Douglas McMillan of McMillan Hotels said Gateway to Galloway will be important in establishing Stranraer as a destination, particularly when international tourism returns.  He commented:

“I see it as a focal point for marketing and information, of the Rhins in particular. This facility helps to establish Stranraer as a serious destination that can help our town meet the needs of visitors as our tourism reputation grows.

“If we are able to attract even just a fraction of the volume of visitors going through the north channel route ferries, and encourage them to spend a few days exploring the local area, then that would transform Galloway’s visitor economy.  When the travel trade returns we hope to get Stranraer established on itineraries as a place to stop, and we’ll be encouraging operators to draw up itineraries through Dumfries & Galloway before heading on the boat.

“This is obviously an unusual year in terms of tourism, but in the longer term we are looking to do a great deal with the Gateway to Galloway hub, like offering guide-led town tours, taking people up through the historic sites and round the town trail.

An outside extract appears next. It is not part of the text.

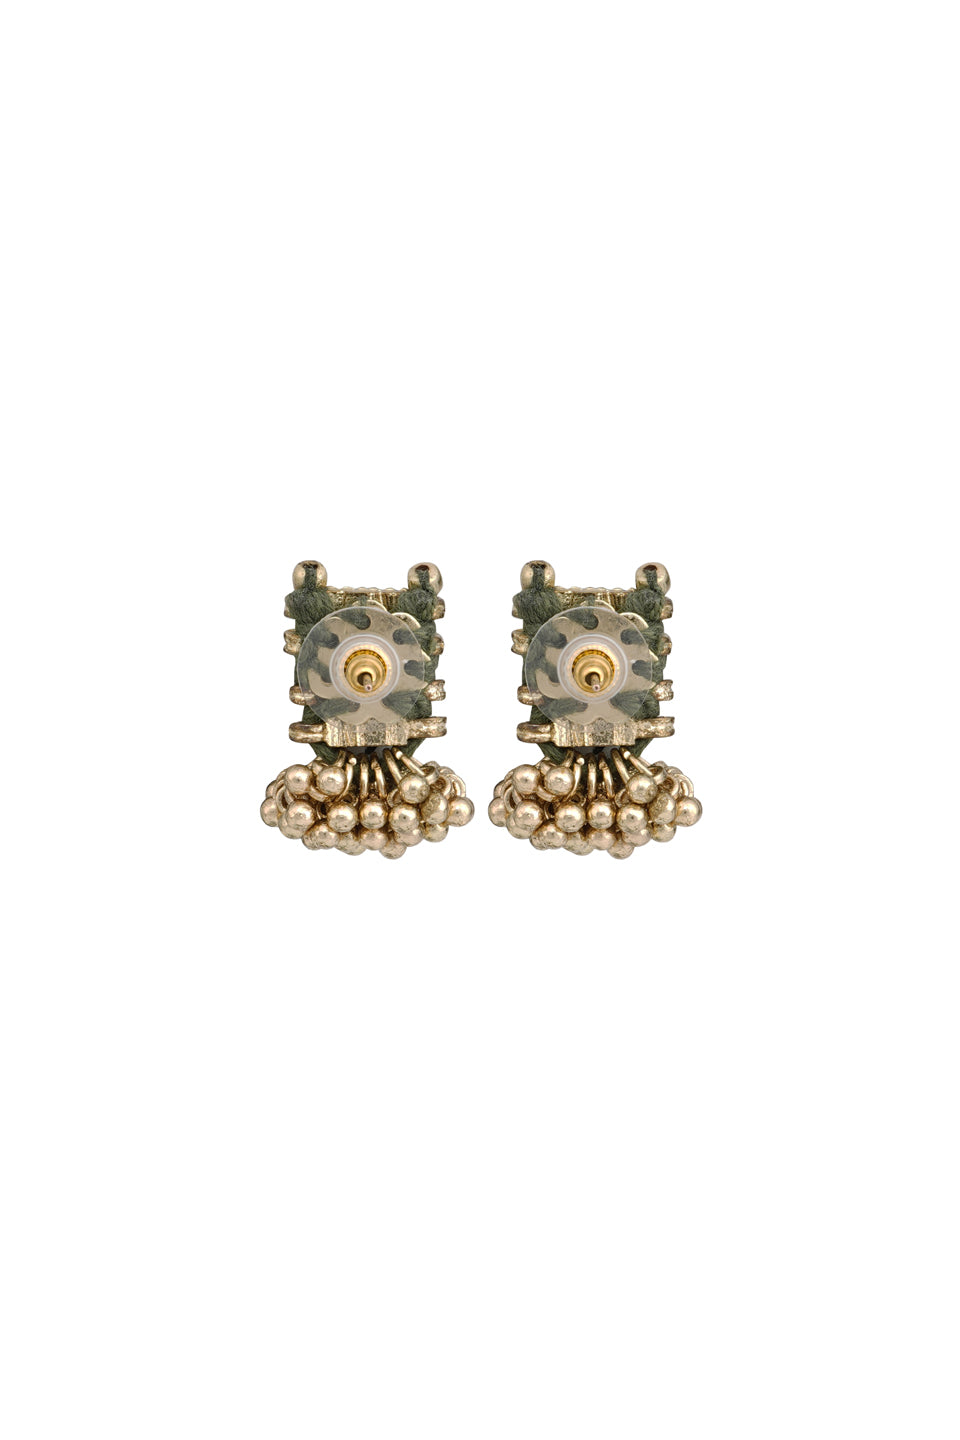 Olive Four Stone Enamel Earrings

“Gateway to Galloway is about amplifying our tourism offer, inspiring visitors to make the most of our local area and encouraging them to linger and to spend their time and their money in our communities. The important thing is that we now have the facilities in place so that we can hit the ground running for Stranraer when international tourism opens back up.”

Gateway to Galloway is launching on Friday 2nd July with a drop in for local businesses, between 10am and 2pm.